According to a January 2021 mapping study by the Environmental Working Group, significant levels of “forever chemicals” have been detected in 2,337 water systems in 49 U.S. states. Eguono Omagamre, an environmental toxicology doctoral student at the University of Maryland Eastern Shore, has spent the past four years studying their effect on the safety of water and agricultural food sources.
These per- and polyfluoroalkyl substances (PFAS) have been widely used in consumer products and industrial applications such as in food packaging, textile enhancements, sealants and lubricants for the past six decades. Omagamre’s interest in them was piqued because of the way they behave in the environment. Once they leach out of these materials, he said, they find their way into surface and ground water and then distribute in the environment.
“Unlike other persistent organic contaminants that accumulate in fatty tissues and matrixes, the PFAS group of chemicals prefer to partition into water,” he said. “My thinking was, if they seep and spread into water and are widely distributed in the environment, then they will readily enter into plants, and if so, what do they do once they are there.”
Omagamre said he was fortunate to have a research supervisor “who was willing to go down this rabbit hole” with him. Dr. Joseph Pitula, director of research at UMES and a professor in the Department of Natural Sciences, was onboard and reached out to his colleague, Dr. Simon Zebelo, an associate professor of entomology and plant biology in the Department of Agriculture, Food and Resource Sciences to form a team for the research.
While waiting on the delivery of soybean and tomato seedlings to begin the research, Omagamre got started with a side experiment to observe the impact of adding PFAS to the artificial diet of beet armyworm larvae.
“The result was stunning,” he said. “Some of the PFAS, particularly perfluorobutanoic acid (PFBA) influenced the development of the larvae in a “non-monotonous” manner and hastened their transition to adults about half a day faster than the controls.” The next step was cultivating soybeans and tomatoes using lab prepared irrigation water containing PFBA and feeding beet armyworm larvae with the leaves of the plants that accumulated the PFBA compounds. The results, he said, were similar to the artificial diet experiment. Further studies showed that critical physiological features of the soybean and tomato plants were modulated “non-monotonously” by different levels of PFBA in the irrigation water.

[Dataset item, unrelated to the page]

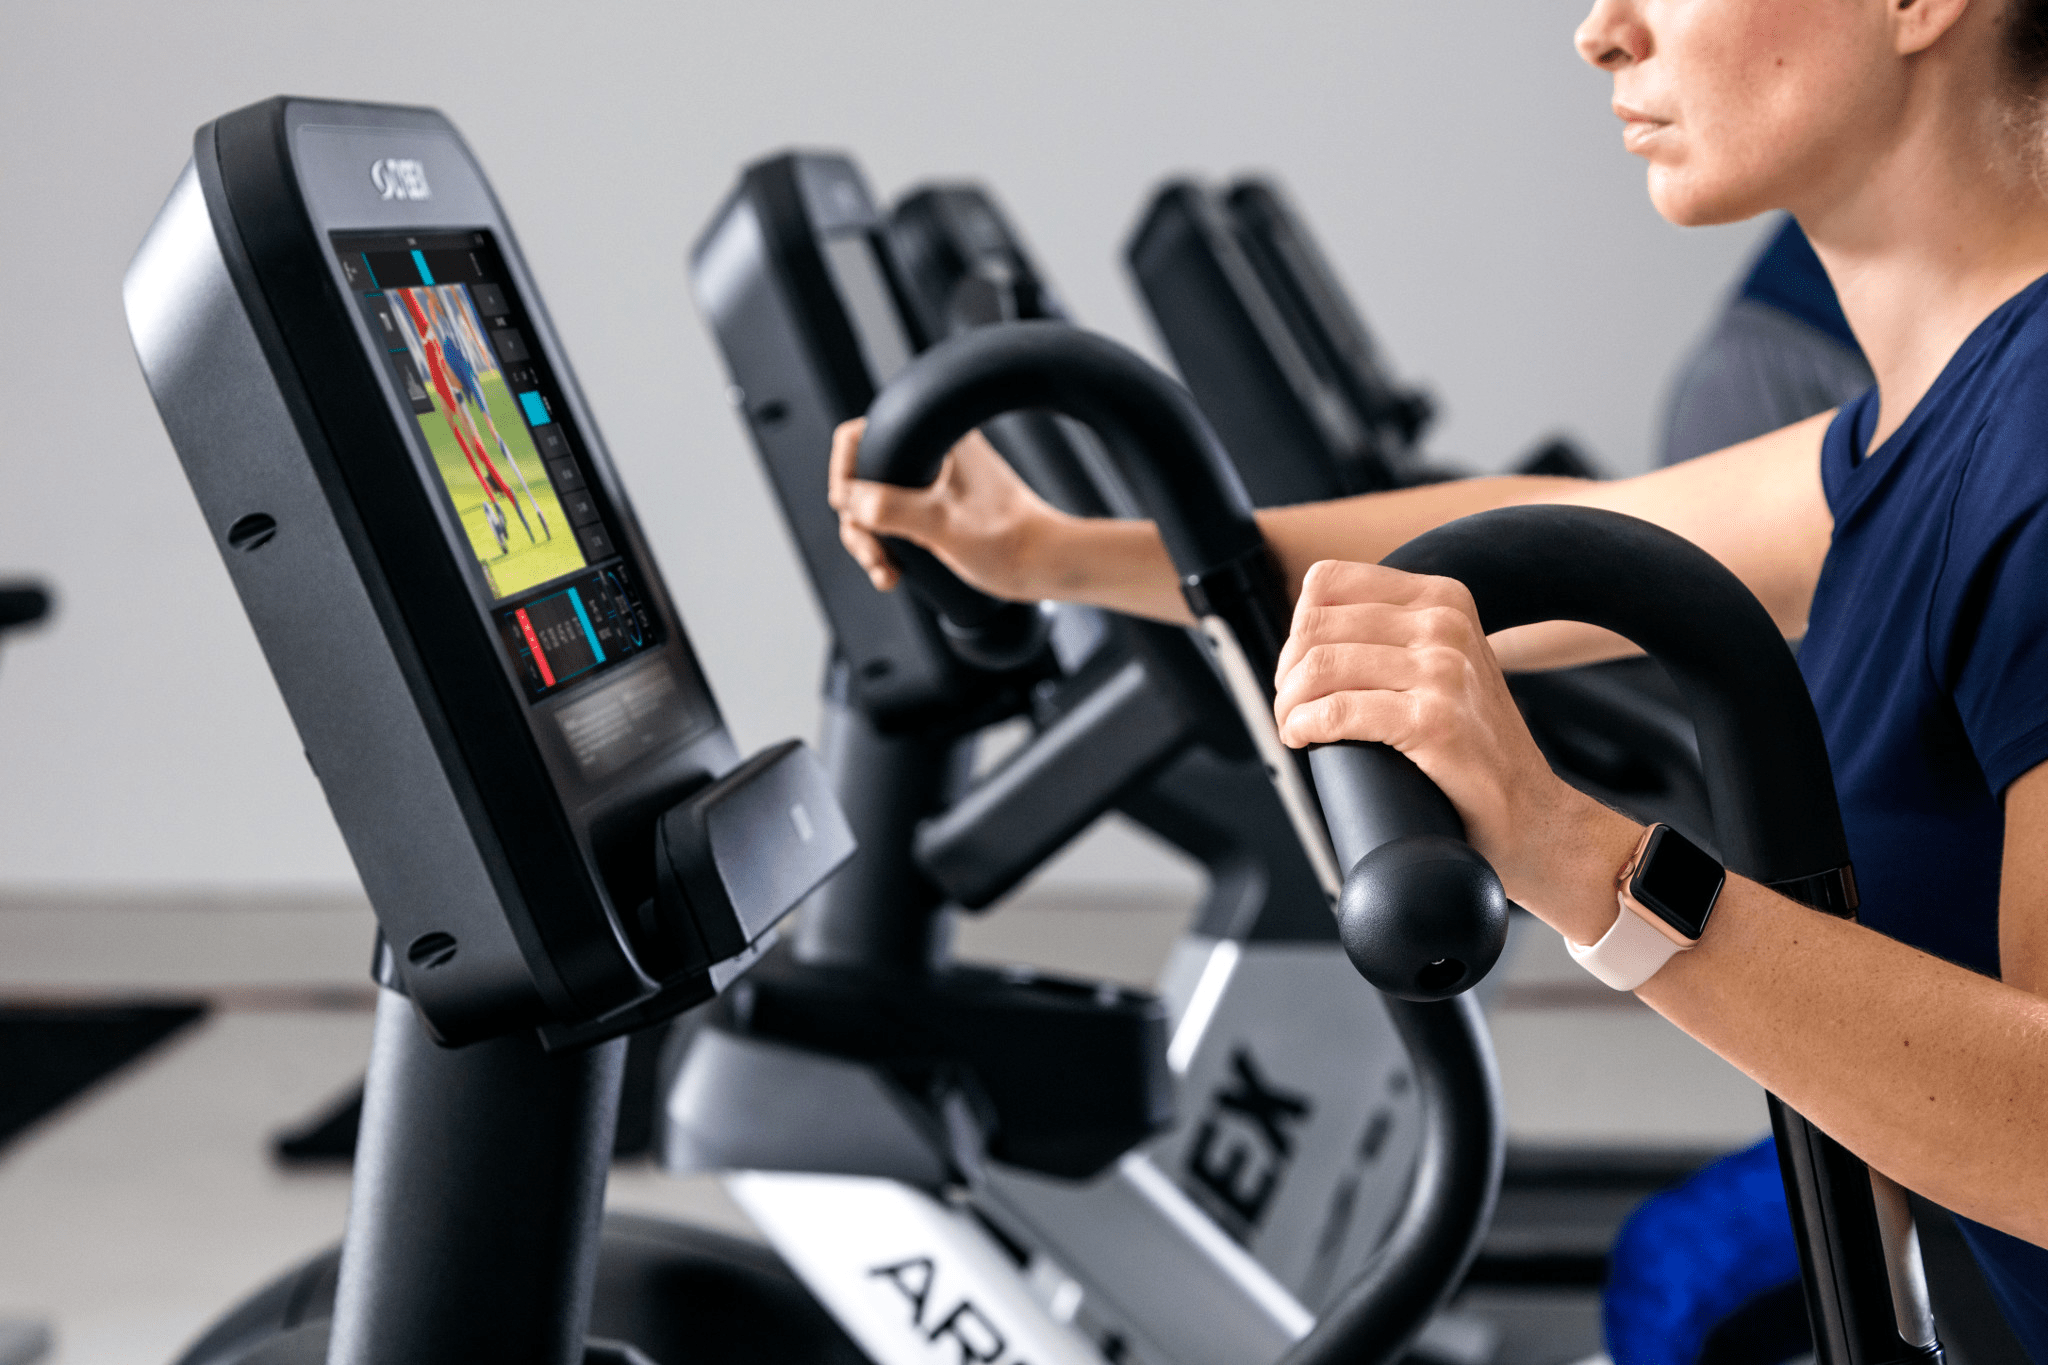 Cybex R Series Total Body Arc Trainer with 50L LED Display
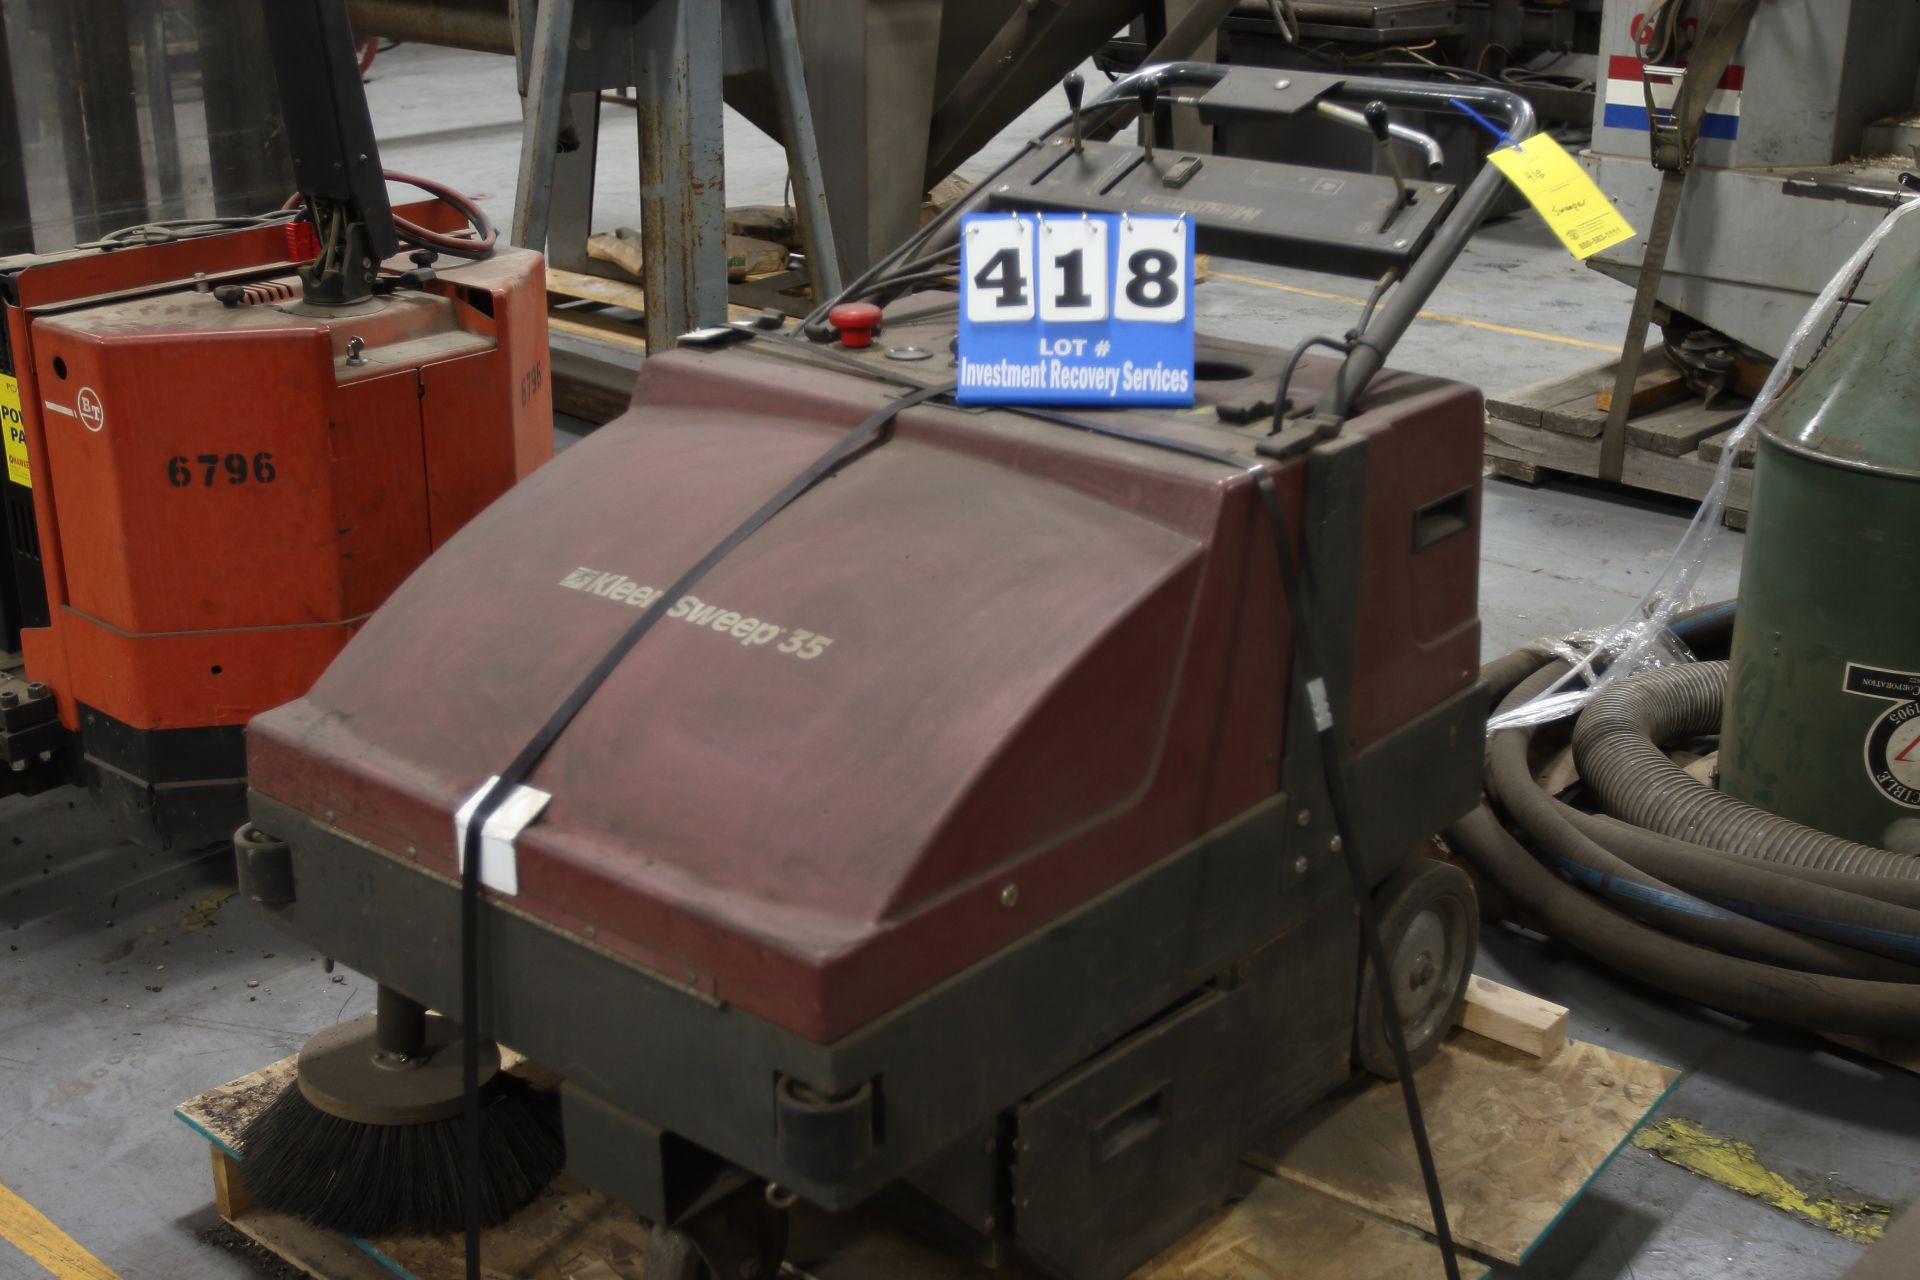 Kleer Sweeper 35 ( LOCATION 4: 850 AEROPLAZA DR, COLORADO SPRINGS, CO 80916 ) - Image 2 of 2

The findings from the research on the beet armyworm experiment were published in the November 2020 issue of the Archives of Environmental Contamination and Toxicology Journal. Omagamre’s poster presentation of the research, “Study of the modulatory impact of perfluorobutanoic acid (PFBA) on the growth and development of soybean (Glycine max (L.)) and cherry tomato (Solanum lycopersicum var. cerasiforme) plants,” earned first place at the 2021 Chesapeake Potomac Regional Chapter of the Society of Environmental Toxicology and Chemistry spring meeting. The chapter, which serves Maryland, D.C., Virginia and West Virginia, provides “a professional forum for individuals from private industry, academia and government agencies who are engaged in the study, analysis and solutions for environmental problems, management and regulation of natural resources, and research and development.”
The international student from Nigeria is currently probing the developmental pathways that PFBA may be modulating in the beet armyworm and the studied plants. He is investigating critical changes in the insect after exposure to dietary PFAS using biochemical and hormonal assays while also tracking genes that are turned on or off. Under the supervision of Pitula and Zebelo, he is providing guidance to two master’s students to “improve our understanding on the biochemical and molecular impacts of PFBA and other PFAS in some plant models.” Their research recently received a $600,000 Capacity Building Grant from the U.S. Department of Agriculture to investigate the level and impact of water and soil PFAS contamination in farm facilities on Delmarva.
“At the end of my research, I hope to make important contributions to understanding the implication of water and soil PFAS contamination on normal plant-insect interactions and the environment,” Omagamre said.